A permutation is an ordered arrangement of objects. For example, 3124 is one possible permutation of the digits 1, 2, 3 and 4. If all of the permutations are listed numerically or alphabetically, we call it lexicographic order. The lexicographic permutations of 0, 1 and 2 are:
012 021 102 120 201 210
What is the millionth lexicographic permutation of the digits 0, 1, 2, 3, 4, 5, 6, 7, 8 and 9?
Permalink: http://projecteuler.net/problem=24
Instead of developing permutation function we use math.combinatorics
permutations function does the trick
(->> (range 10)
(comb/permutations)
(drop (dec 1000000))
(first)
(apply str)))
That was easy!
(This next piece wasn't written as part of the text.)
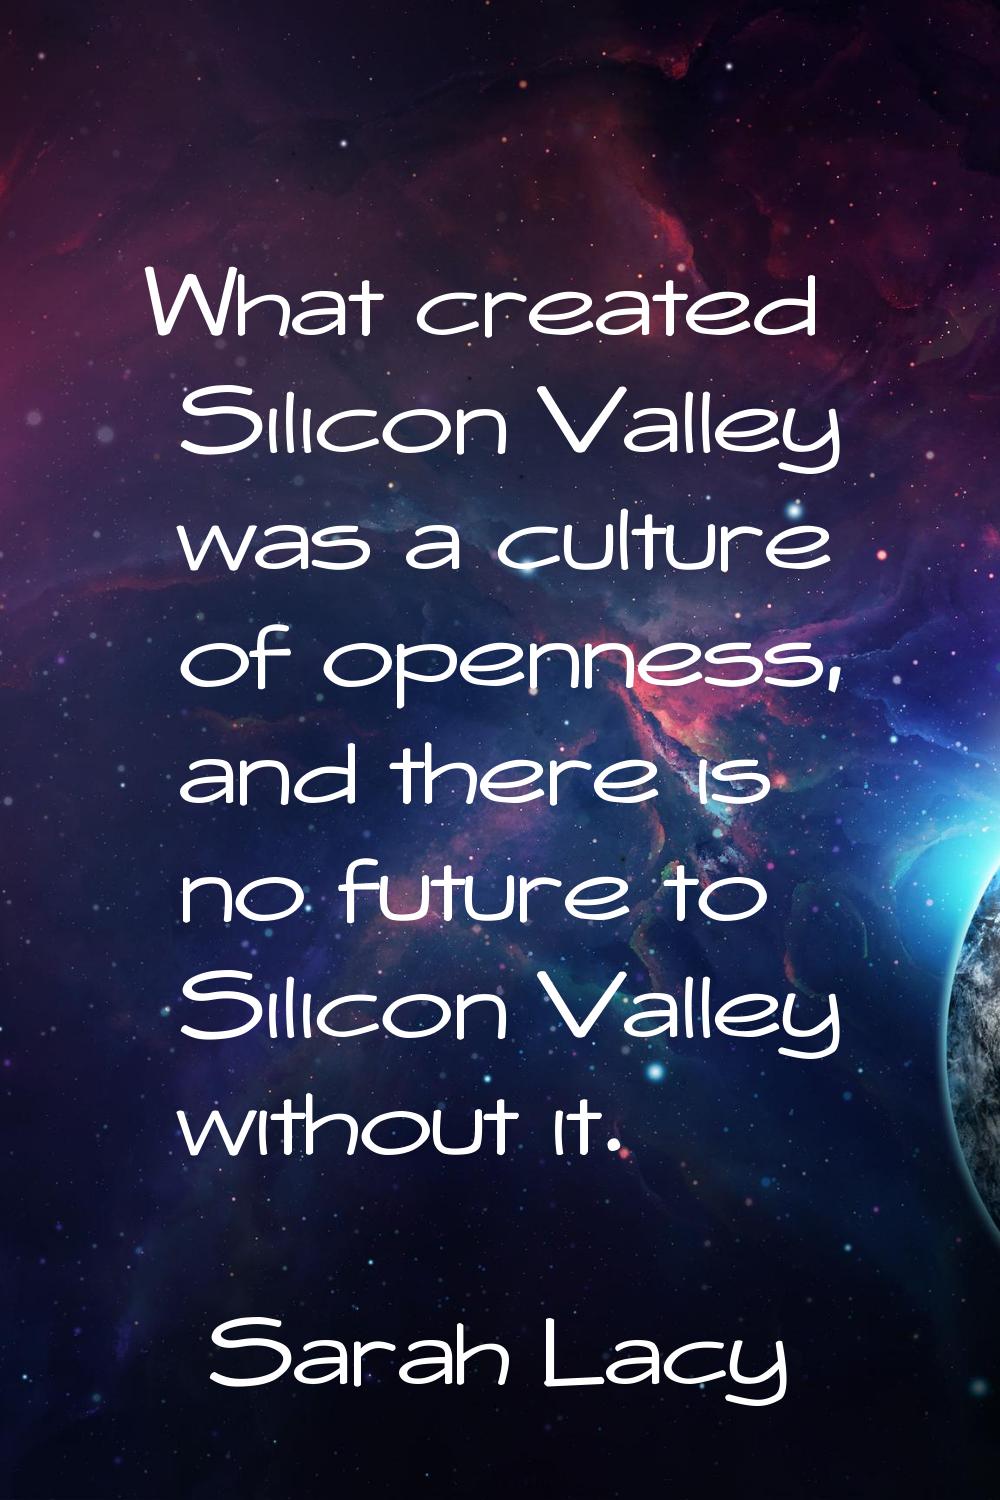 What created Silicon Valley was a culture of openness, and there is no future to Silicon Valley wit
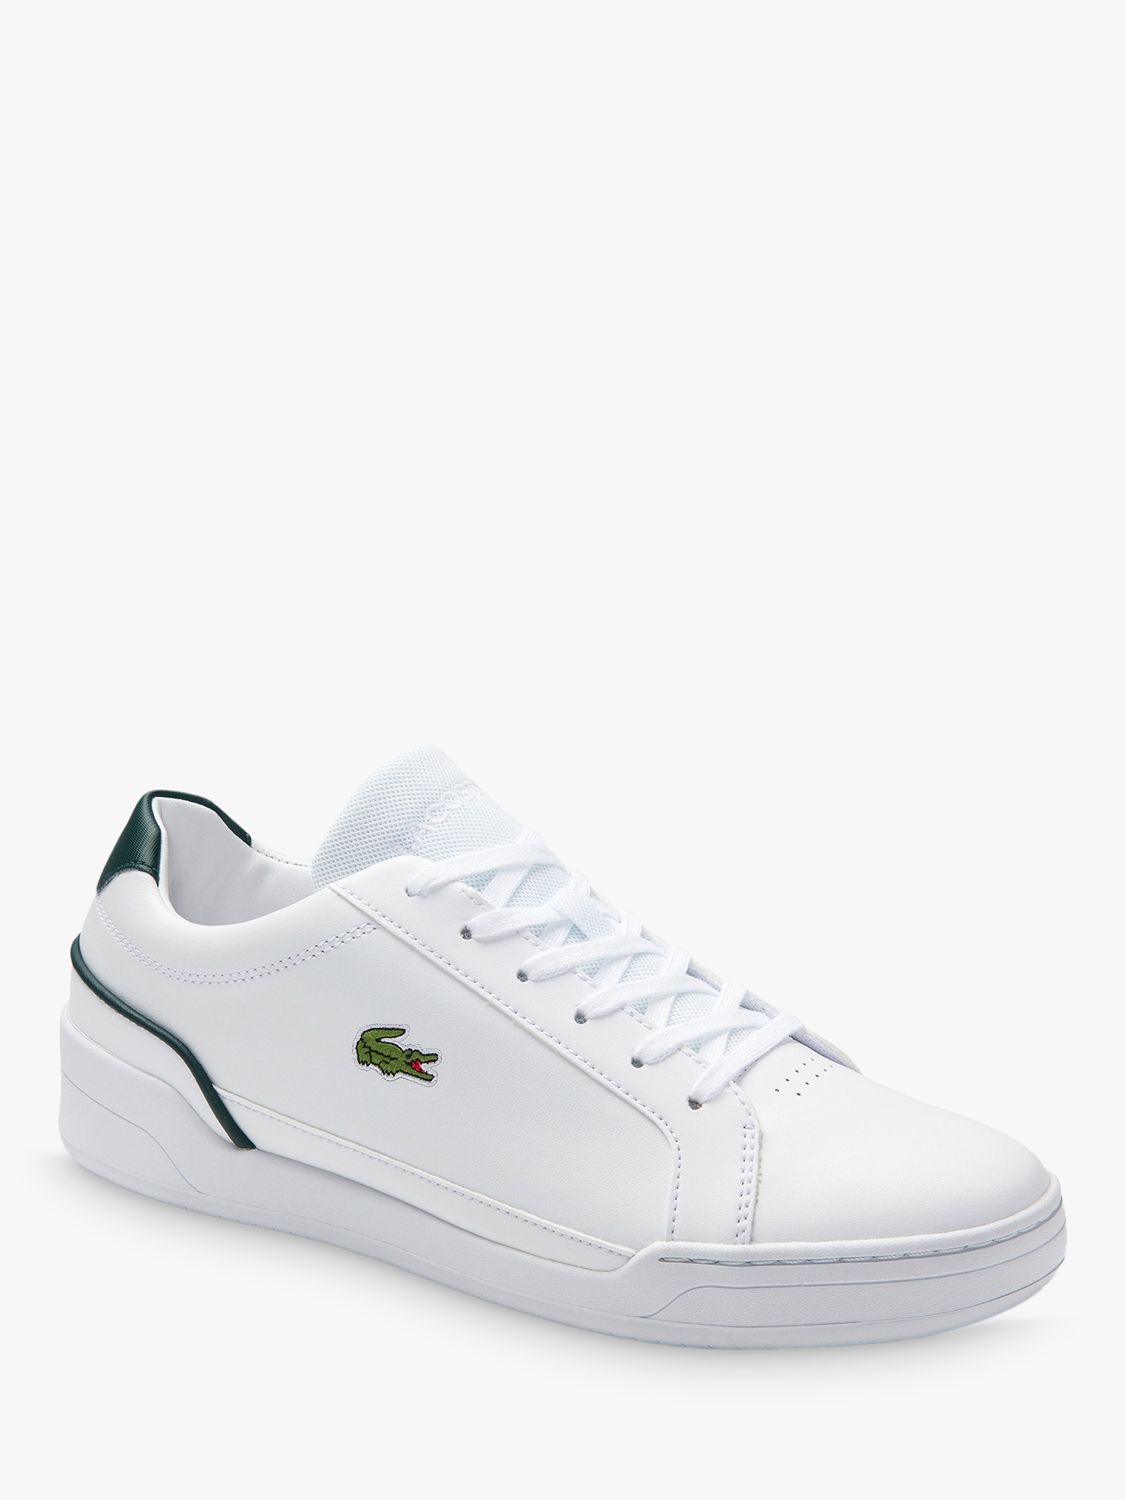 Lacoste Challenge Leather Trainers, White/Dark Green at John Lewis ...

It returns result in just 3 seconds, what is acceptable.
If you need to solve this problem faster, observe the interesting properties:
1 - 0123456789
2 - 0123456798
...
9! - 0987654321
9!+1 - 1023456789
...
2*9! - 1987654320
2*9!+1 - 2013456789
...
3*9! - 2987654310
3*9!+1 - 3012456789
3*9! is greater than 1000000, so we stop on the 2*9! permuations and guessed first number, it’s 2
Proceed the same way and you’ve got the idea. On each factorial permutation step, when you guessed the number remove it from further permutations and decrement the factorial
(let [! (fn [n] (reduce * (range 1 (inc n))))]
(loop [available-digits (range 10)
num 1000000
current-digit 0
init 9
result []]
(let [f (! init)]
(cond
(= 0 init)
(apply str (concat result available-digits))
(< f num) (recur available-digits
(- num f)
(inc current-digit)
init
result)
:else (recur (concat (take current-digit available-digits)
(drop (inc current-digit) available-digits))
num
0
(dec init)
(conj result (nth available-digits current-digit)))))))
Solution is less readable, but time is just 5 msecs. There is always tradeoff.